The appellate court in the Martin Brothers case decided against subcontractors finding that that a good faith dispute about any payment could be used as a reason for the prime contractor to not pay the subcontractor its retention even when the amount of retention itself is not in dispute.  

As example of the result of this would be as follows: 

In a project where the owner has released retention to the prime contractor, and the subcontractor and prime contractor both agree that the subcontractor is owed $100,000 in retention, the prime contractor could legally hold back the all of the subcontractor’s retention if the subcontractor had made a claim for extras for $70,000 that the prime contractor does not agree with.  This is because the court in the Martin Brothers case ruled that the prime contractor could hold back up to 150% of the amount in dispute for extras against the undisputed amount owed for retention.  Thus, not only would the subcontractor have to finance $70,000 in extras until that dispute is resolved, but also, the subcontractor would be out another $100,000 of undisputed retention, for a total of $170,000, just because the subcontractor made a claim for the extras.  This is clearly an unjust result.
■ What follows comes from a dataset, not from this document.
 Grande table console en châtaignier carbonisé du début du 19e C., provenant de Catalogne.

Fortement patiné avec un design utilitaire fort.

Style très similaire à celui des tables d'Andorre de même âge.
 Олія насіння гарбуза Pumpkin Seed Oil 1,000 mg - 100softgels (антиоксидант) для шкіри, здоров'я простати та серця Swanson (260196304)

Six years after the ruling in the Martin Brothers case, a different California Court of Appeals disagreed with that ruling.  In a case called East West Bank v. Rio School District, the Court of Appeals ruled that, under the prompt payment laws, a payment could only be withheld if the good faith dispute exited as to that specific payment.  Thus, where the dispute concerns work unrelated to the payment that is owed, or involves disputed change orders, then those disputes cannot be used as a basis for not paying the undisputed payment.

The two opposite rulings of the Courts of Appeal prompted the California Supreme Court to review the issue of the “150% bona fide dispute” exception to the prompt payment laws.  In May of 2018, in a case known as United Riggers & Erectors v. Coast Iron & Steel Co., the Supreme Court framed the issue as follows: “What we must decide is whether this exception allows withhold when there is any dispute between the parties, or only when there is a dispute directly relevant to the specific payment that would otherwise be due.”  

After reviewing the history of what the Legislature recognized as “industry-wide problems” related to slow payment, and the Legislature’s wording related to bone fide disputes, the Supreme Court ruled that payment can be withheld only when the dispute is directly relevant to the payment being held.  Specifically the Supreme Court listed the following as times when a prime contractor may delay payment up to 150% of the value of the dispute: 

1.       When the sufficiency of the subcontractor’s construction-related performance is the subject of a good faith dispute;

2.       When liens or other demands from third parties expose the prime contractor to potential double payment, or

3.       When payment would result in the subcontractor receiving more than the minimum amount both sides agree is due.

What a prime contractor cannot do is hold retention just because a dispute has arisen over whether the subcontractor is owed amounts over and above the retention that is owed.  Also, the Supreme Court has made it clear that the payor (whether it be an owner or a contractor) “must be able to present a good faith argument for why all or part of the withheld monies themselves are no longer due.”

This means that owners and contractors should not be allowed to play games with payments – they must promptly make the payment that is due if there is no good faith dispute directly affecting that particular payment.